Film stills from “Teenage:The Creation of Youth Culture” (all images provided by Matt Wolf)
It’s strange to be reminded in the 21st century that there was a time before “teens” and “tweens,” before those years between childhood and adulthood, i.e. adolescence, had a name and now, a stereotype. All of us who attended the Books & Talks lecture Friday night, however, at Artists Space’s new offshoot on Walker Street, were reminded that before the 1950s teenagers as we know them didn’t exist. In a talk between the British author Jon Savage and the young, New York-based filmmaker Matt Wolf, the two men discussed their four-year collaboration on the film Teenage: The Creation of Youth Culture that’s set to open in 2013.

Showing only a short teaser of the film’s first three minutes, most of the discussion traced the two men’s meeting, and their shared interest in the subject of youth culture. Savage and Wolf follow throughout their film the teenage subcultures that existed before mainstream society recognized and commodified them: the Bright Young Things, the Hitler Youth, the Hamburg Swingers, the Boy Scouts. The film, focusing on three countries that had active youth movements, America, England, and Germany, begins in the early 20th century and ends around 1945, where traditional discussions of teenagers usually begin. As the voice of a young, female narrator tells us in the film’s opening credits, “this is a story that ends with a beginning: the invention of the teenager.”

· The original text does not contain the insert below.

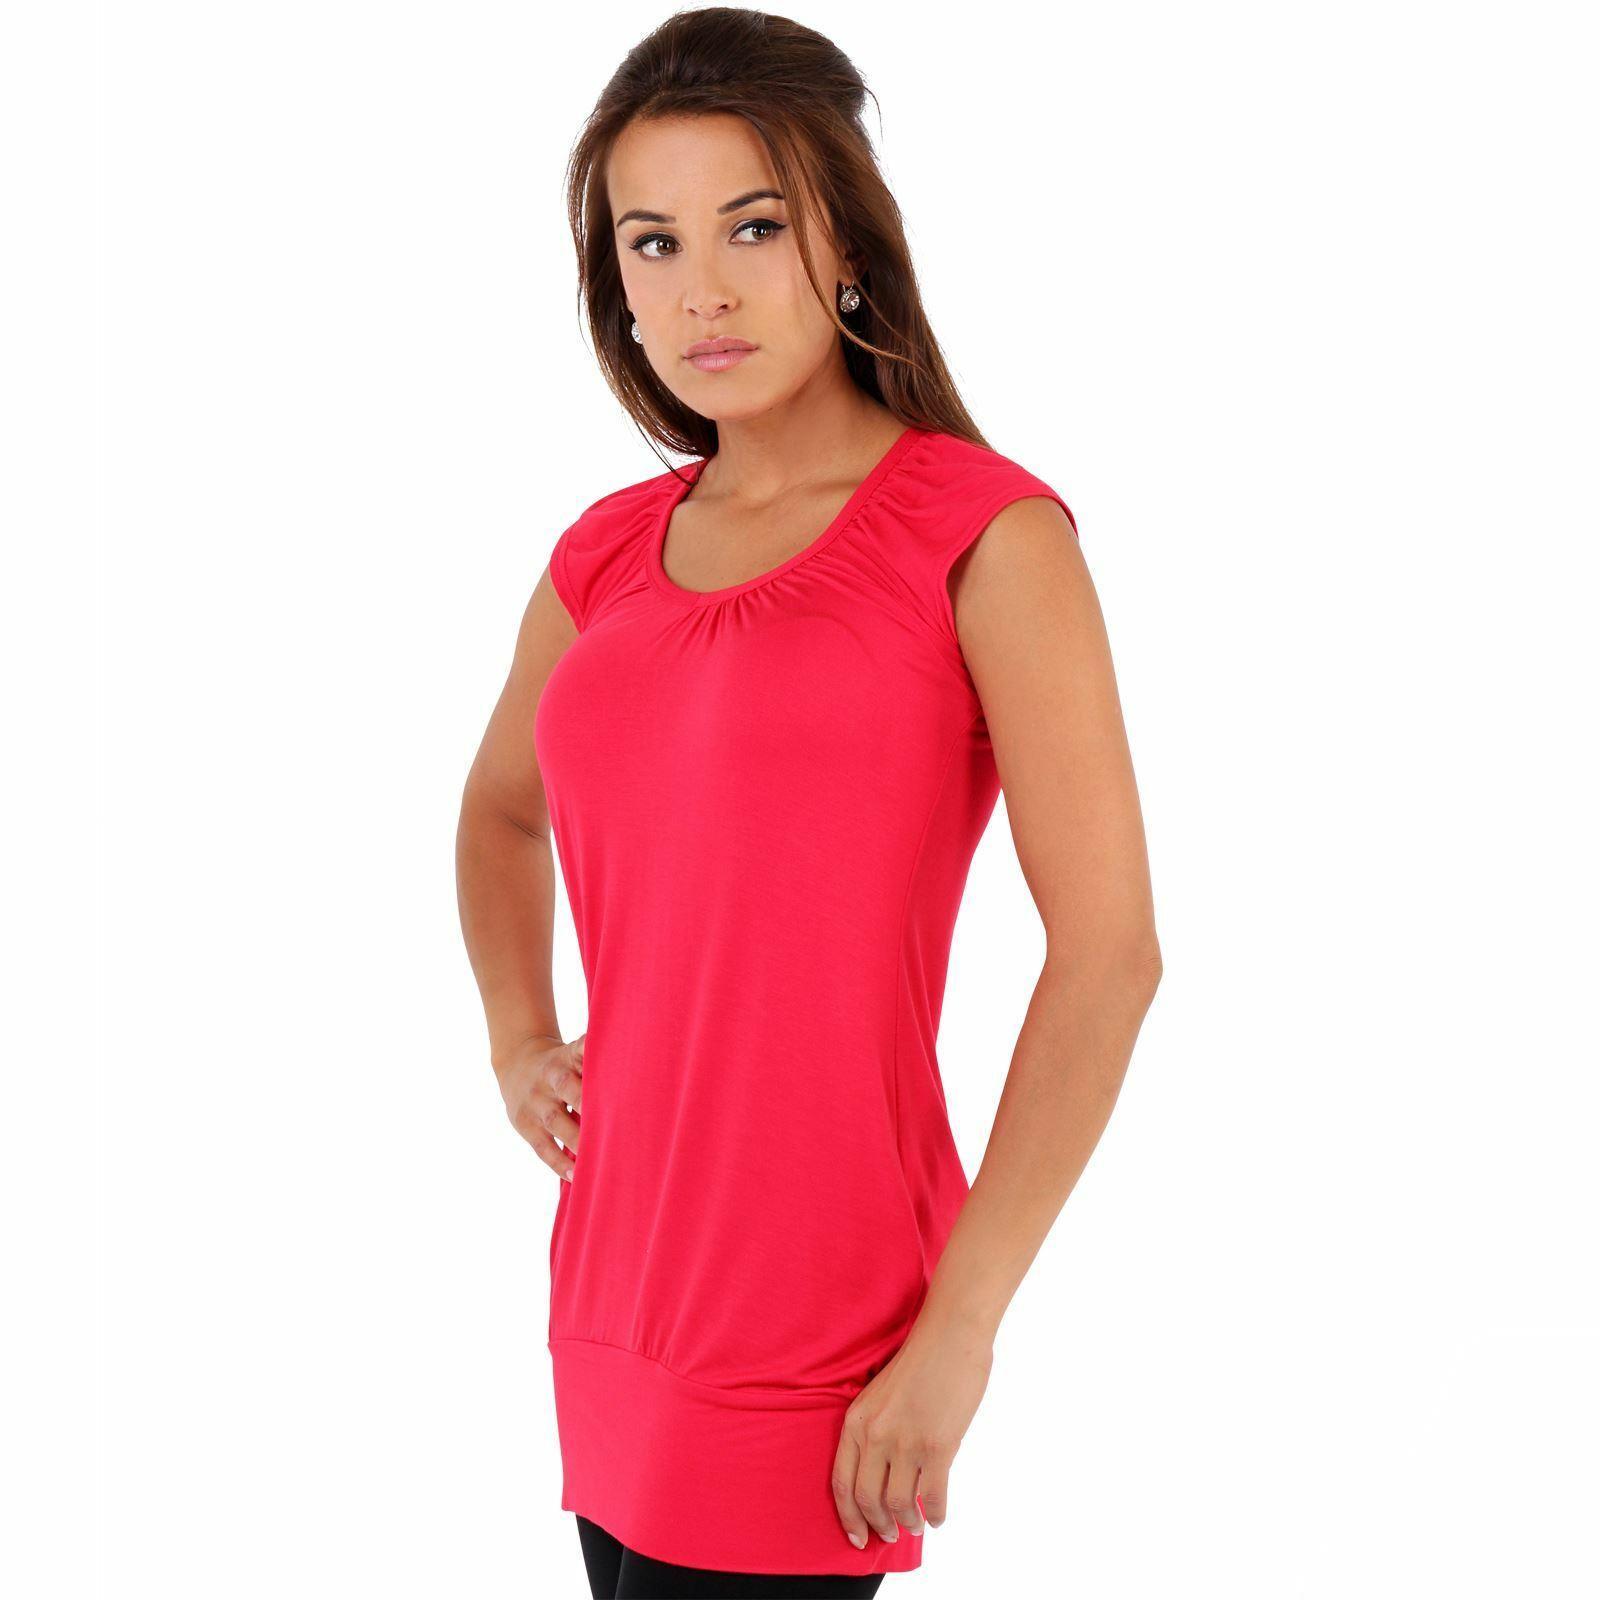 Womens-Ladies-Plain-T-Shirt-Short-Sleeve-Long-Loose-V-Neck-Blouse-Tunic-Top thumbnail 48

Jon Savage, on whose book the film is based, published his extensive non-fiction of the same title in 2007. He’s a dry witted and detail oriented writer and researcher, who brought precision and humor to the talk. Good historians are irresistible — they are like actors only the captivating stories they weave are actually true — and Savage seems to know more about self-defined “youth movements” than most youths themselves. Though the Books & Talks crowd seemed puzzled by his humor and off put by his factual manner of speaking, his interests and knowledge clearly enabled the film’s making. In the stilted dynamic of a forced conversation between two collaborators, Savage was the expert and Wolf the visual translator of his research.

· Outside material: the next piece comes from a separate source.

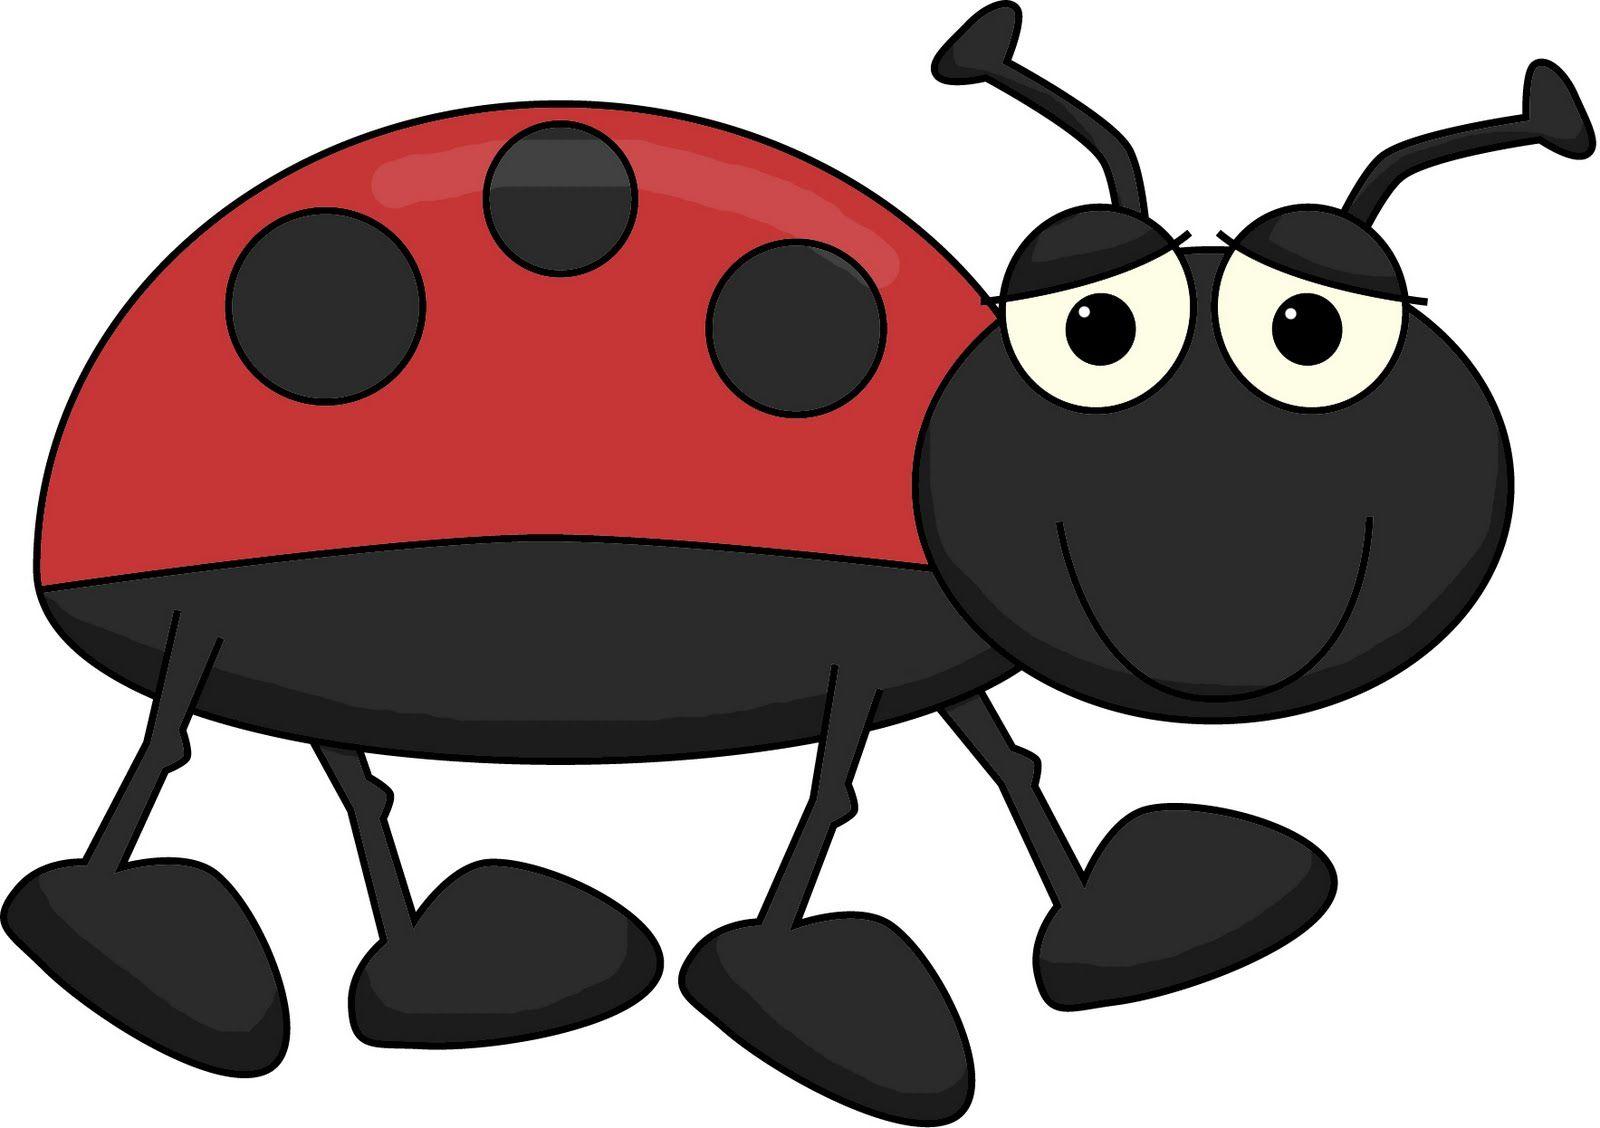 ladybug picture.

The talk was not so much a conversation between the two men as it was a display of each man’s particular strengths and specialties. If the Presidential debates have taught us anything it’s that we love to show off our expertise and avoid the questions and topics where we flounder. While the facts of Teenage are Savage’s purview, the visualization of them is clearly Wolf’s. Pulling from extensive but untapped archives of teenagers, Wolf explained how he avoided stock footage, adult narration and the traditional limitations of documentary filmmaking. Wolf kept the voice and perspective of Teenage young through voiceovers of teenagers expressing their own thoughts and ideas.

In the film’s only real departure from Savage’s book, Wolf brings four historical teens to life through the careful use of recreation. Brenda Dean Paul, a Bright Young Thing, Melita Maschmann, a Hitler Youth, Tommie Scheel, a Hamburg Swinger, and Warren Wall, an African American Boy Scout, have all been recreated for Teenage to give the film’s narrative yet another layer. While all four stories are impressively singular and specific to their eras, they are at the same time indicative of the universal struggles teenagers go through to gain autonomy from adults, government and society at large. After learning to use 16mm film, Wolf seamlessly mixed archival and recreated footage together to give these four youths a new visual story. As Wolf put it, “we’ve rescued them from the margins of history.”
One of the main themes of Teenage is the self-definition of youth by youth. In discussing the film both Savage and Wolf explained the test they employed to keep themselves within the margins of their massive topic, the so-called “teen test.” The teen test is a series of questions and concerns that go something like this: Is the footage of a teenager? Is it about a teenager? Is it from their perspective? Is it about teenagers defining what it means to be young? As Savage and Wolf discussed the “teen test,” I was reminded of all the high-school movies and television shows made for teenagers with a cast made up entirely of adults. It seems Savage and Wolf’s documentary might rescue teenagers themselves from the margins of representation.
As much as I like the idea of there not being a loaded term adults can use to dismiss the difficulty of adolescence, I know I’d rather have been a “teenager” than simply a child. Teenager has become a word as loaded as “hipster;” it’s a catchall term with no fixed definition that no one wants to be associated with. It seems, however, that the film Teenage might remind us of the great energy and optimism that youth culture embodies, especially in difficult times like Nazi Germany or the Great Depression. As Savage pointed out Friday night, “youth is a powerful dissolver of class.”
Jon Savage and Matt Wolf’s Teenage talk took place on Friday, October 19, 7pm at Artists Space (55 Walker Street, Tribeca, Manhattan).